А перед бандюками... Такой случай в замечательном Альметьевске, в Татарстане, произошел — там, значит, у хозяина города день рождения был. Он очень машины любил, и ему сразу две подарили — самый последний «мерседес» и «Машину времени»... Этим парням должное отдать надо: все весьма уважительно было, они пионерлагерь сняли — зимой. Помимо празднования, концерт для жителей Альметьевска устроили — с бесплатным входом: нам гонорар заплатили, но зрители билетов не покупали. Он в каком-то спортивном комплексе проходил, и происходило это не так, как сейчас обычно, когда за накрытыми столами гости сидят и жуют, а артисты их развлекают. В том пионерлагере концертный зал имелся, где все, как положено, было — сцена и кресла для зрителей, и отдельно — банкетный зал, куда нас тоже потом пригласили.
Ни одной женщины — ни единой! — одни мужики... Ну, это страшно было, и через 10 минут я быстренько слинял, в номере заперся...
— Почему?
— Столько выпить и съесть невозможно.
— Пили много?
— Да не пили, а просто ели! — как в том анекдоте про водку: «Вот ее, родимую, есть и будем» (смеется).
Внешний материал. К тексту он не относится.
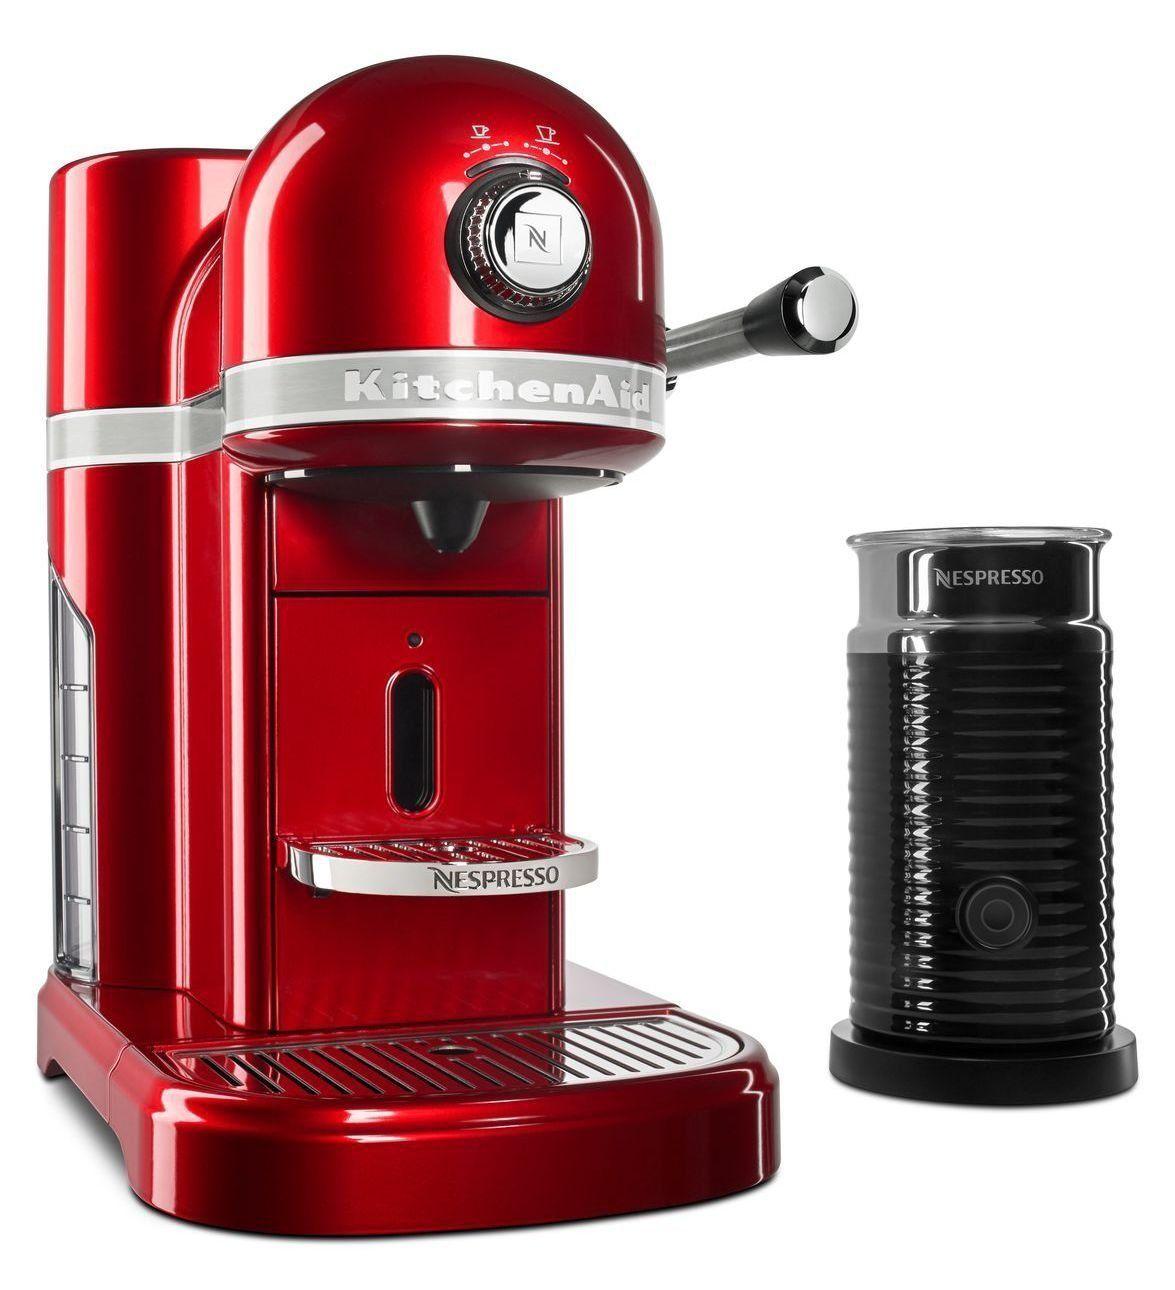 KitchenAid Nespresso Candy Apple Red Manual Espresso Maker

— Это после того концерта Кутикова в транспорт на простынях погрузили?
— Да-да, тогда: он «мама» сказать не мог — это именно тот случай. На простынях — в машину, а оттуда на простынях — в самолет, и потом он еще три дня на даче у одного нашего товарища отмокал, жене в таком виде не показывался.
«Сильно ли пили? Никто вроде не умер, все живы»
— В одном из интервью вы признались: «Каждый день беспамятством заканчивался, а следующий с опохмел-пати начинался»...
— Было такое.
— Пили сильно?
— Ну, как... Никто вроде не умер, все живы.
— Но каждый вечер, после концерта?
— Днем — до выступления нет, а после — ну, выпивали, девки... Все, как положено.
— «Трезвенники, — сказали вы, — в нашем коллективе изгоями были»...
— Ну, трезвенники в России вообще всегда изгои, а в бизнесе я непьющих вообще не знаю. Мне кажется, в нашей стране...
— ...бизнес вести и при этом не пить невозможно...
— Нереально! — не знаю, как у вас, но у нас так.
— Судя по книге «Машина» с евреями», самый большой алкоголик в группе — Андрей Макаревич...
— Ну-у-у, скажем так, не намного больший: остальные тоже не отставали, держаться в строю старались, но Андрей — да, он вообще может.
Из книги Петра Подгородецкого «Машина» с евреями».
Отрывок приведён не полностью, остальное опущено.